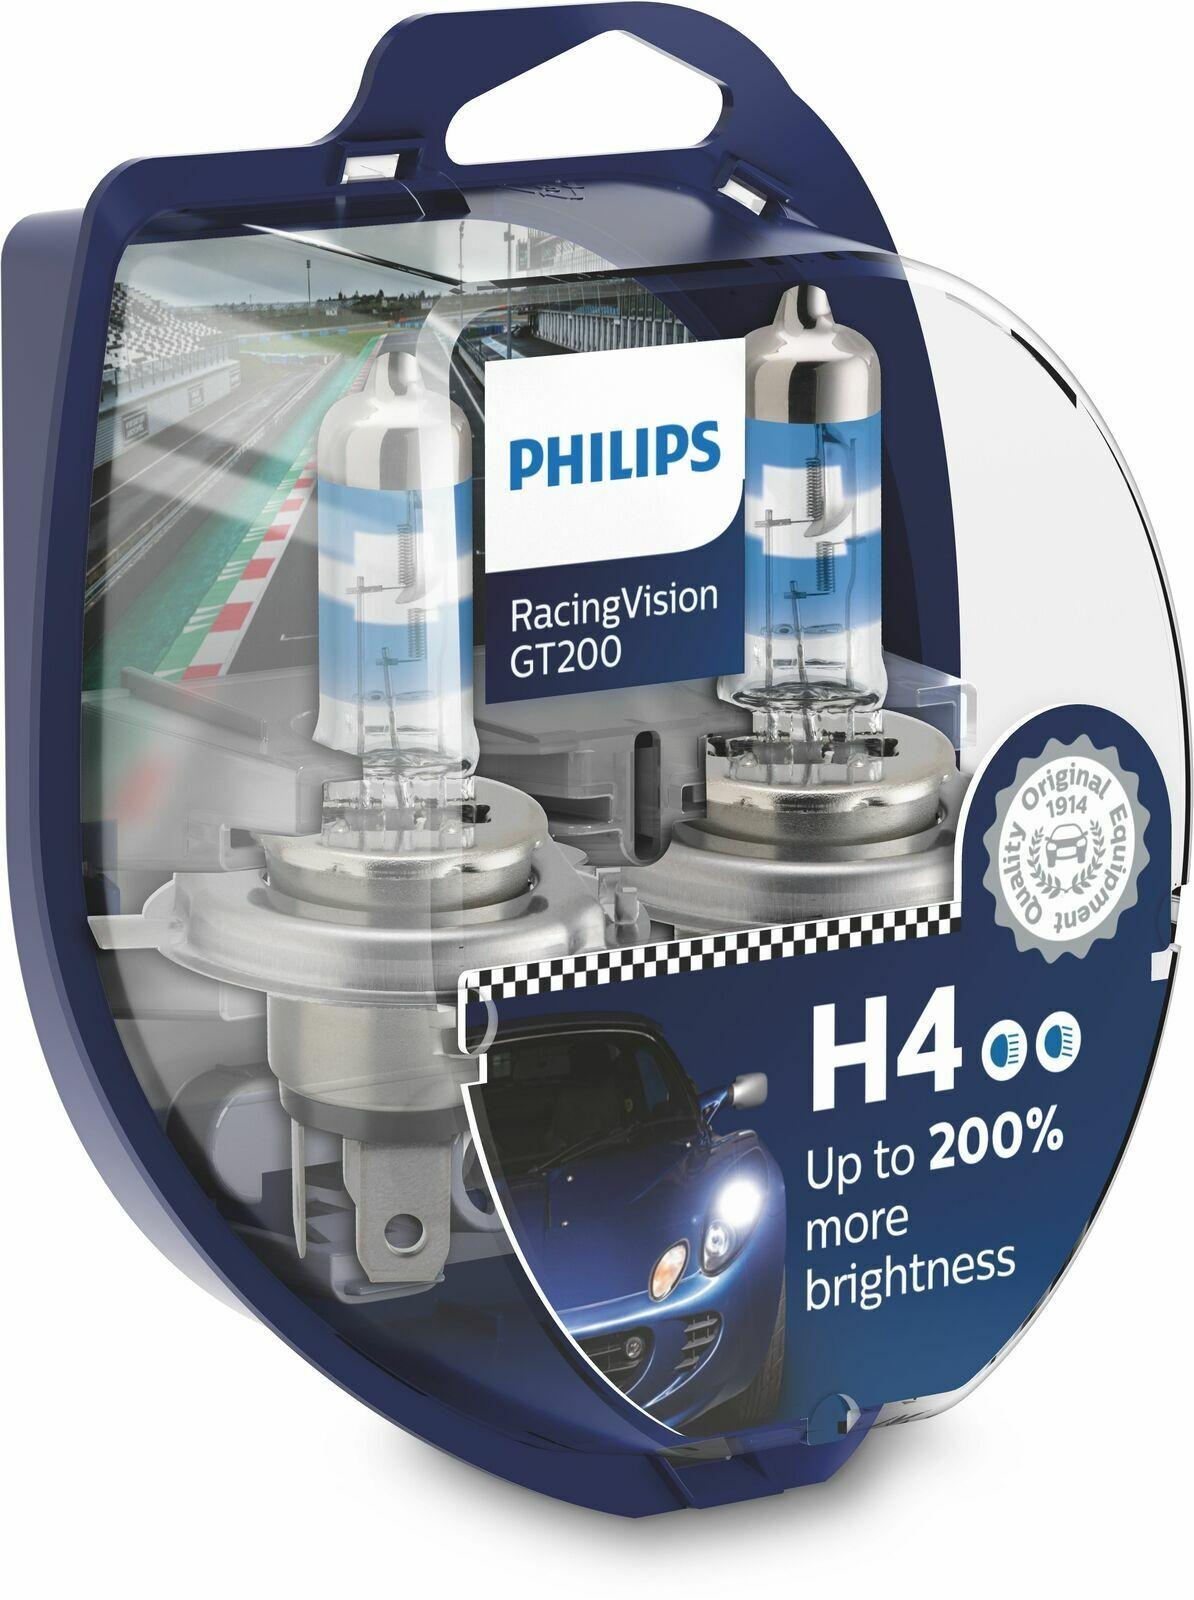 Car Parts - Philips RacingVision GT200 Car Headlight Bulbs H4 (Twin) *NEW 2020* 12342RGT200
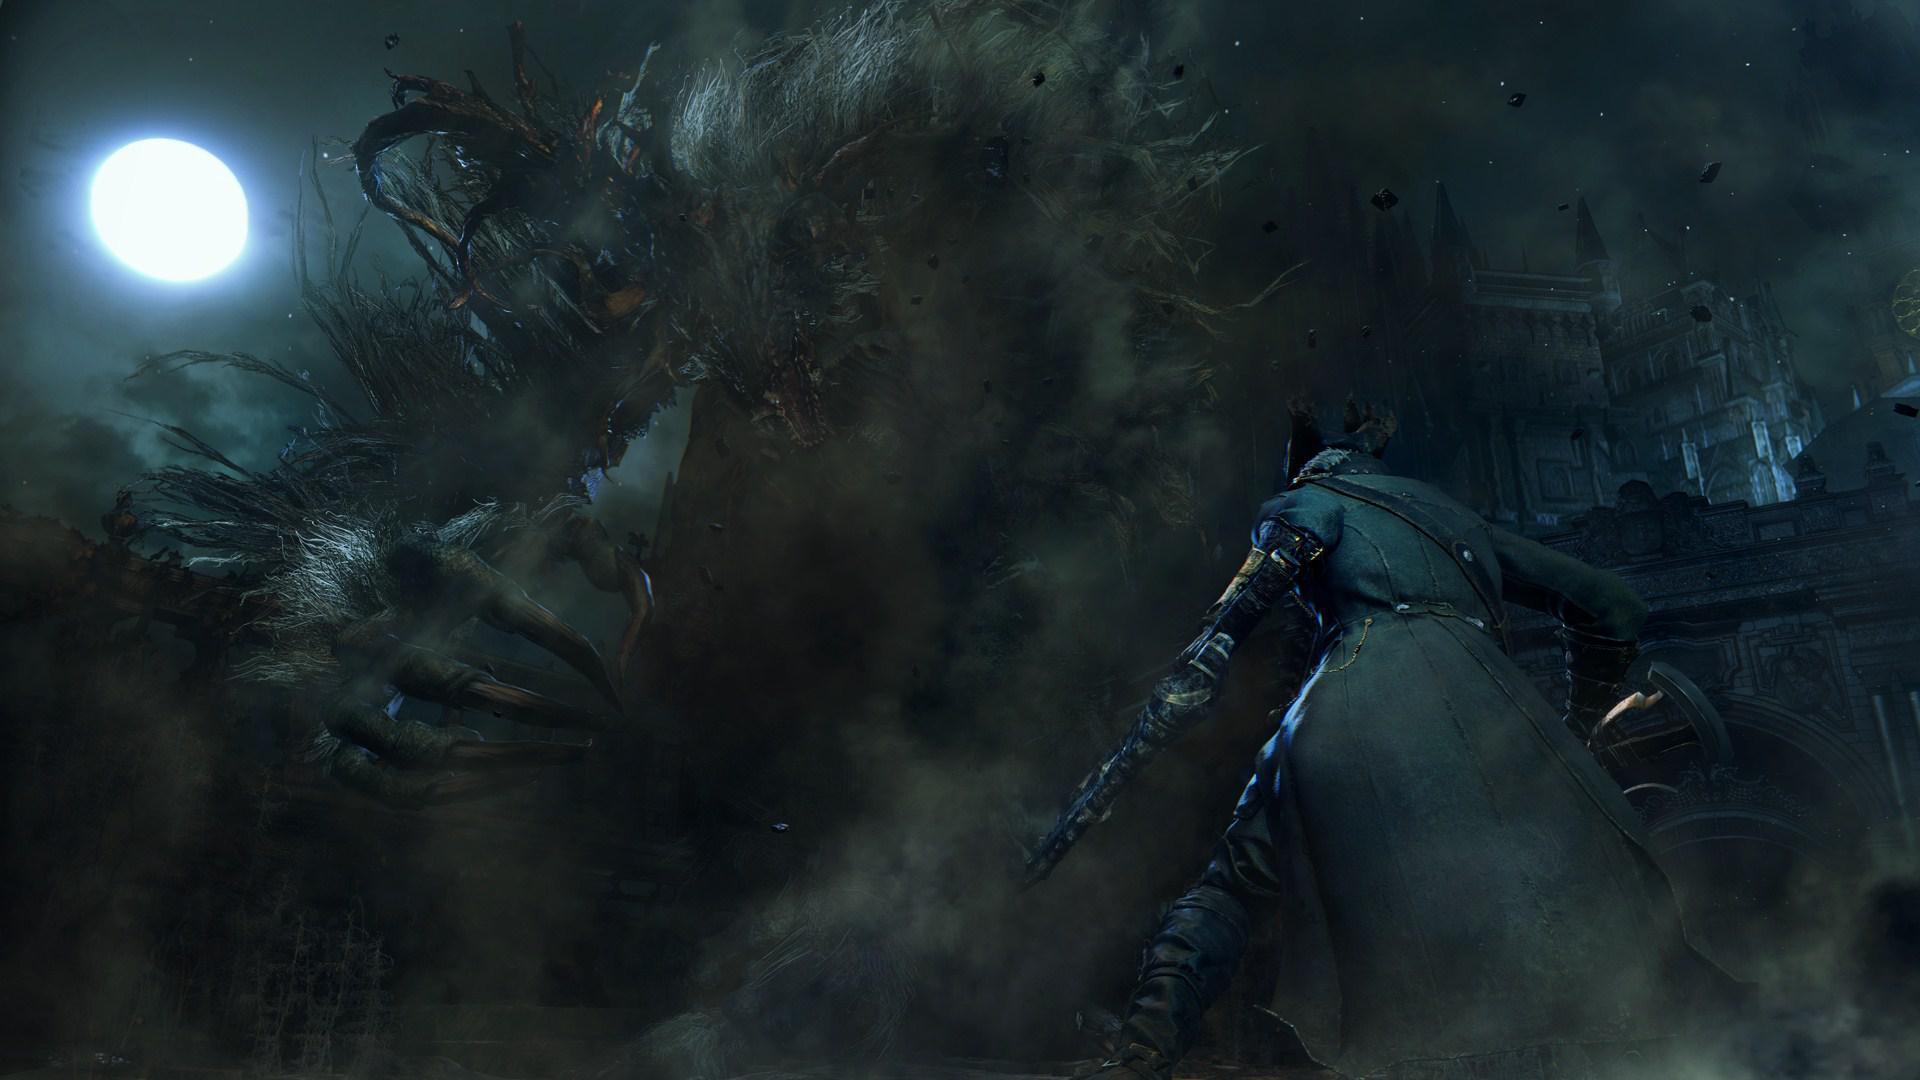 HD Bloodborne PS4 Game Wallpaper Download Free 139968
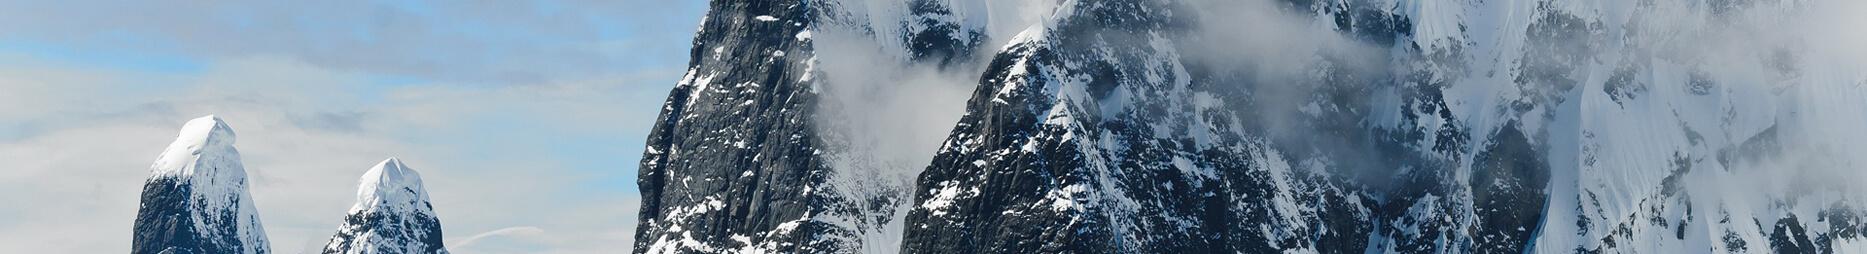 mountains-482689newslider-1
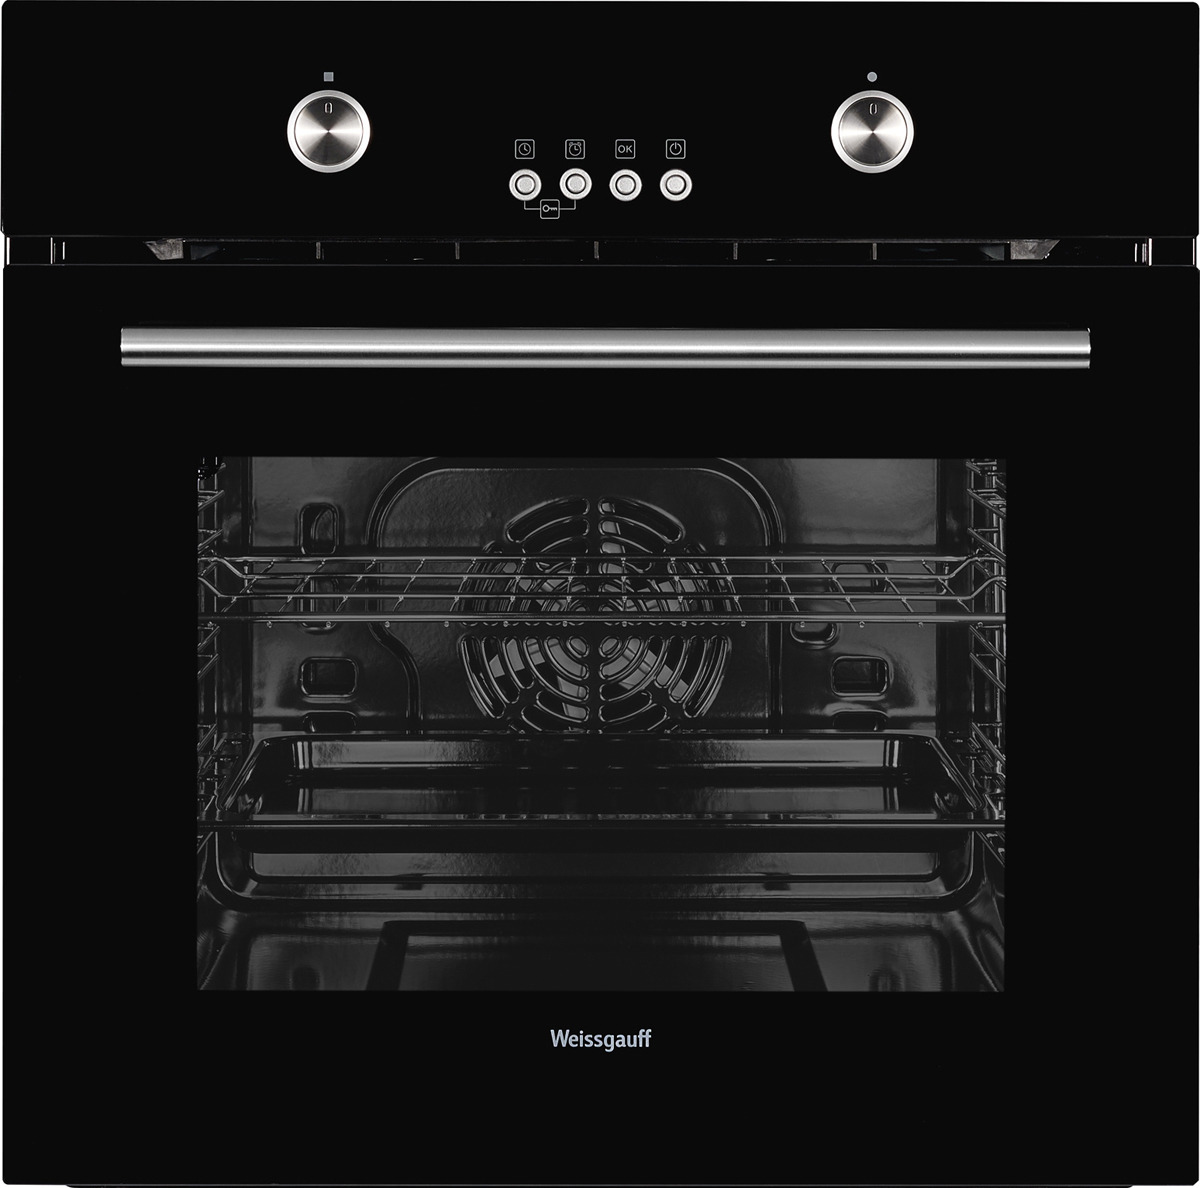 Духовой шкаф Weissgauff EOV 28 PDB, черный weissgauff eom 28 pdx
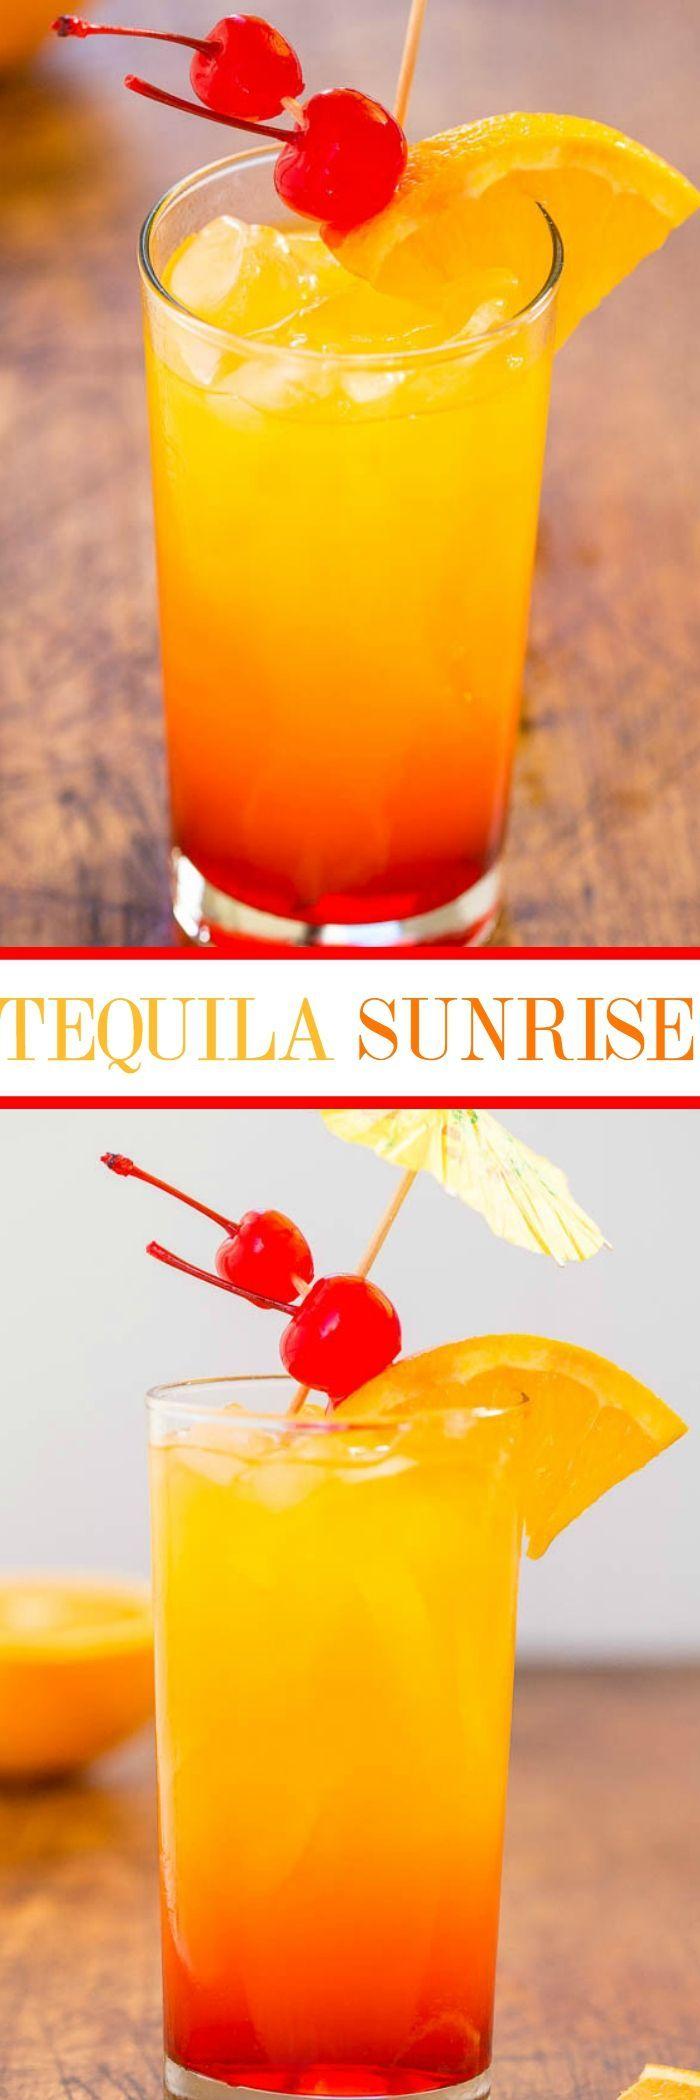 152 Best Cocktails Images On Pinterest Cocktail Recipes

## WORK REQUIRED
Only the pictures in the listing above get left out; print everything else exactly.

## ANSWER AREA
 Car Parts - Philips RacingVision GT200 Car Headlight Bulbs H4 (Twin) *NEW 2020* 12342RGT200
 HD Bloodborne PS4 Game Wallpaper Download Free 139968
 mountains-482689newslider-1
 Духовой шкаф Weissgauff EOV 28 PDB, черный weissgauff eom 28 pdx
 152 Best Cocktails Images On Pinterest Cocktail Recipes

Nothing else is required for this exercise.